By analyzing existing cross correlation between Blackstone Gso Senior and First Trust Senior, you can compare the effects of market volatilities on Blackstone Gso and First Trust and check how they will diversify away market risk if combined in the same portfolio for a given time horizon. You can also utilize pair trading strategies of matching a long position in Blackstone Gso with a short position of First Trust. Check out your portfolio center. Please also check ongoing floating volatility patterns of Blackstone Gso and First Trust.

Diversification Opportunities for Blackstone Gso and First Trust

0.19
  Correlation Coefficient

Average diversification

The 3 months correlation between Blackstone and First is 0.19. Overlapping area represents the amount of risk that can be diversified away by holding Blackstone Gso Senior and First Trust Senior in the same portfolio, assuming nothing else is changed. The correlation between historical prices or returns on First Trust Senior and Blackstone Gso is a relative statistical measure of the degree to which these equity instruments tend to move together. The correlation coefficient measures the extent to which returns on Blackstone Gso Senior are associated (or correlated) with First Trust. Values of the correlation coefficient range from -1 to +1, where. The correlation of zero (0) is possible when the price movement of First Trust Senior has no effect on the direction of Blackstone Gso i.e., Blackstone Gso and First Trust go up and down completely randomly.

Pair Corralation between Blackstone Gso and First Trust

Considering the 90-day investment horizon Blackstone Gso Senior is expected to under-perform the First Trust. But the fund apears to be less risky and, when comparing its historical volatility, Blackstone Gso Senior is 1.07 times less risky than First Trust. The fund trades about -0.02 of its potential returns per unit of risk. The First Trust Senior is currently generating about 0.0 of returns per unit of risk over similar time horizon.
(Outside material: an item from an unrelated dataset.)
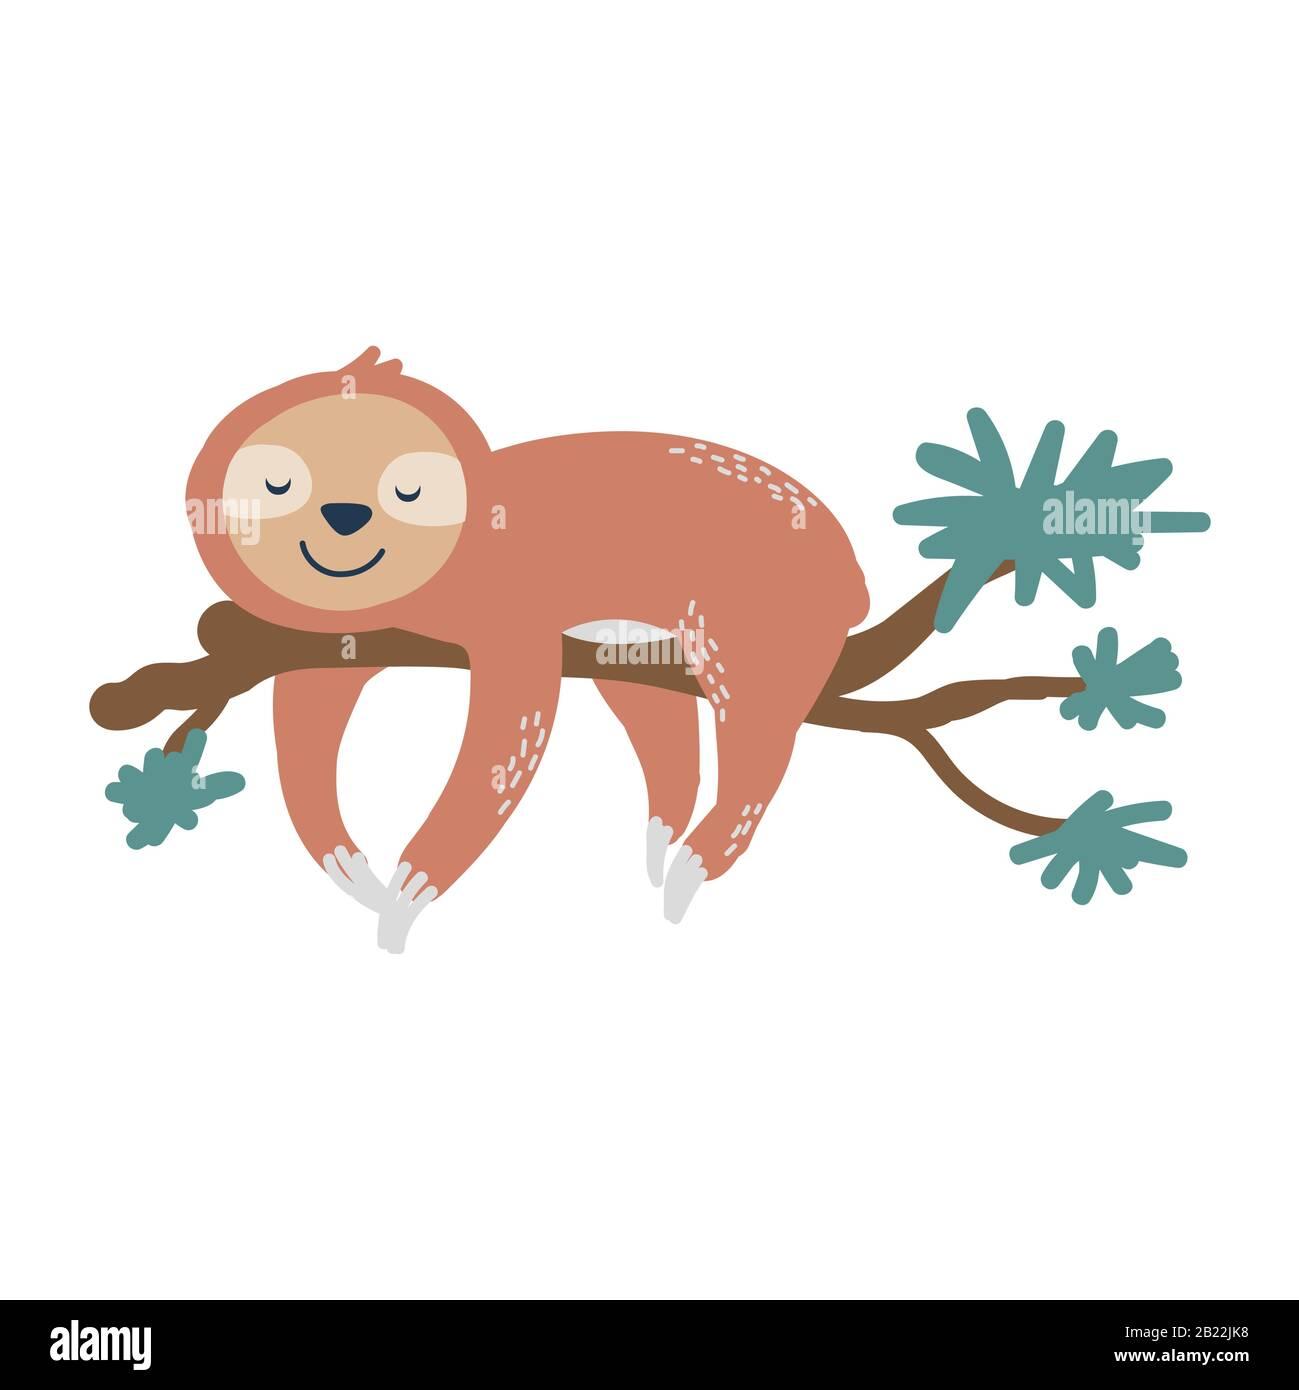 Cute sloth su albero ramo vettore illustrazione. Disegno di

If you would invest  1,018  in First Trust Senior on December 29, 2024 and sell it today you would lose (1.00) from holding First Trust Senior or give up 0.1% of portfolio value over 90 days.
Time Period3 Months [change]
DirectionMoves Together 
StrengthInsignificant
Accuracy100.0%
ValuesDaily Returns

Blackstone Gso Senior  vs.  First Trust Senior

 Performance 
       Timeline  
Blackstone Gso Senior 

Risk-Adjusted Performance

Very Weak

 
Weak
 
Strong
Over the last 90 days Blackstone Gso Senior has generated negative risk-adjusted returns adding no value to fund investors. Despite quite persistent basic indicators, Blackstone Gso is not utilizing all of its potentials. The newest stock price mess, may contribute to short-term losses for the institutional investors.
First Trust Senior 

Risk-Adjusted Performance

Very Weak

 
Weak
 
Strong
Over the last 90 days First Trust Senior has generated negative risk-adjusted returns adding no value to investors with long positions. In spite of comparatively stable fundamental indicators, First Trust is not utilizing all of its potentials. The current stock price uproar, may contribute to short-horizon losses for the private investors.
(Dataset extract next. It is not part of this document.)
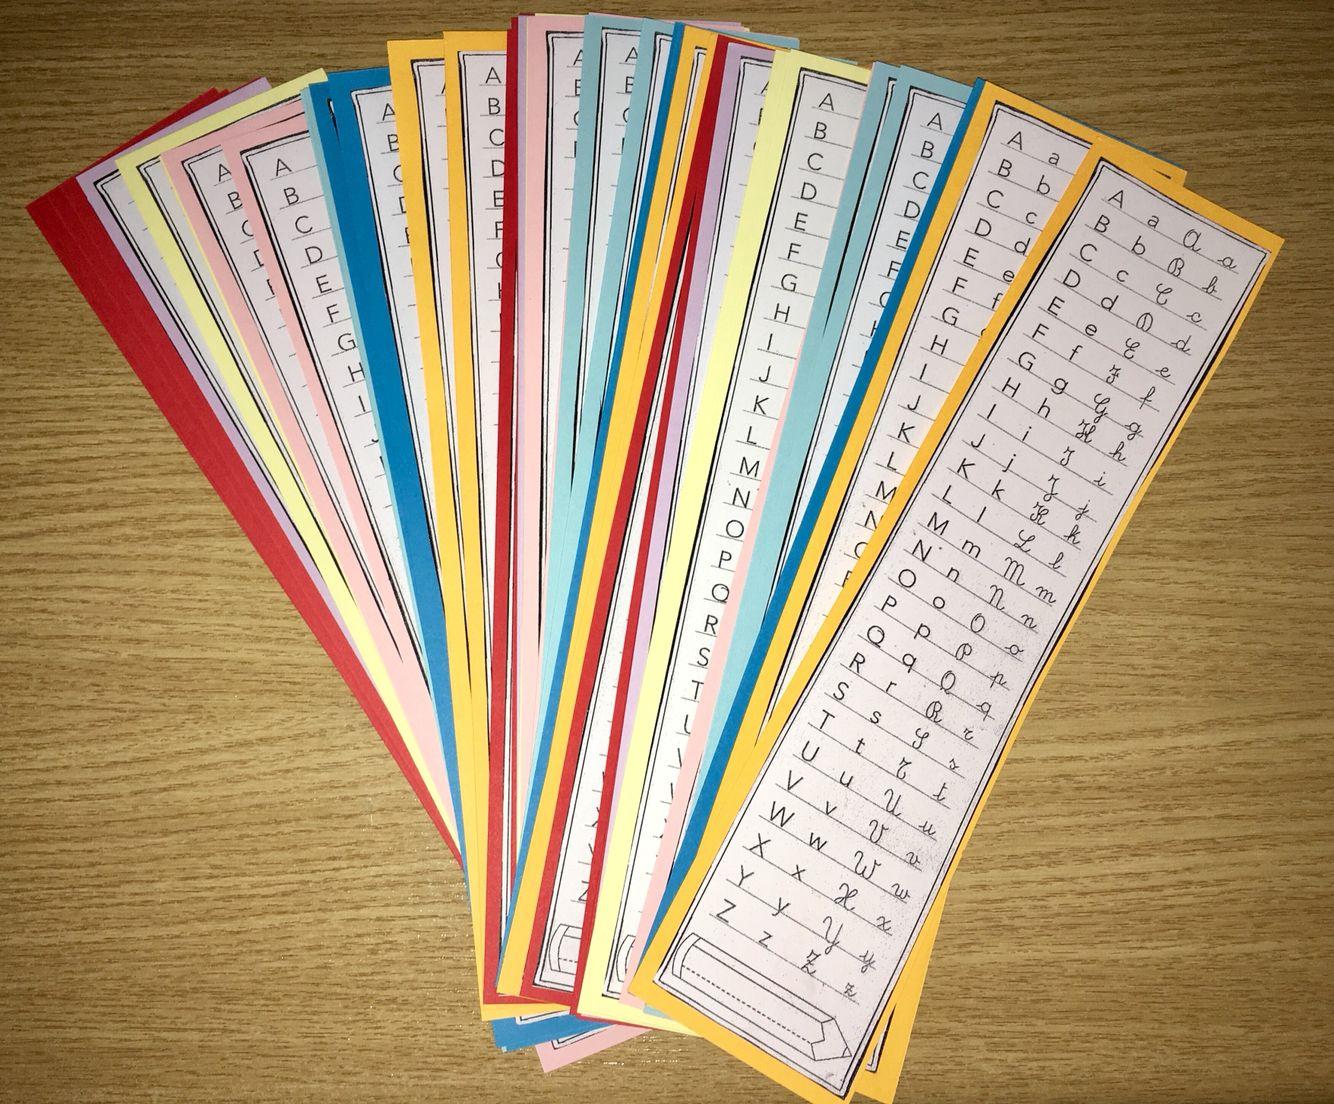 Segnalibro Bambini ~ Segnalibro con tutti i caratteri leggiamo scriviamo

Blackstone Gso and First Trust Volatility Contrast

   Predicted Return Density   
       Returns  

Pair Trading with Blackstone Gso and First Trust

The main advantage of trading using opposite Blackstone Gso and First Trust positions is that it hedges away some unsystematic risk. Because of two separate transactions, even if Blackstone Gso position performs unexpectedly, First Trust can make up some of the losses. Pair trading also minimizes risk from directional movements in the market. For example, if an entire industry or sector drops because of unexpected headlines, the short position in First Trust will offset losses from the drop in First Trust's long position.
The idea behind Blackstone Gso Senior and First Trust Senior pairs trading is to make the combined position market-neutral, meaning the overall market's direction will not affect its win or loss (or potential downside or upside). This can be achieved by designing a pairs trade with two highly correlated stocks or equities that operate in a similar space or sector, making it possible to obtain profits through simple and relatively low-risk investment.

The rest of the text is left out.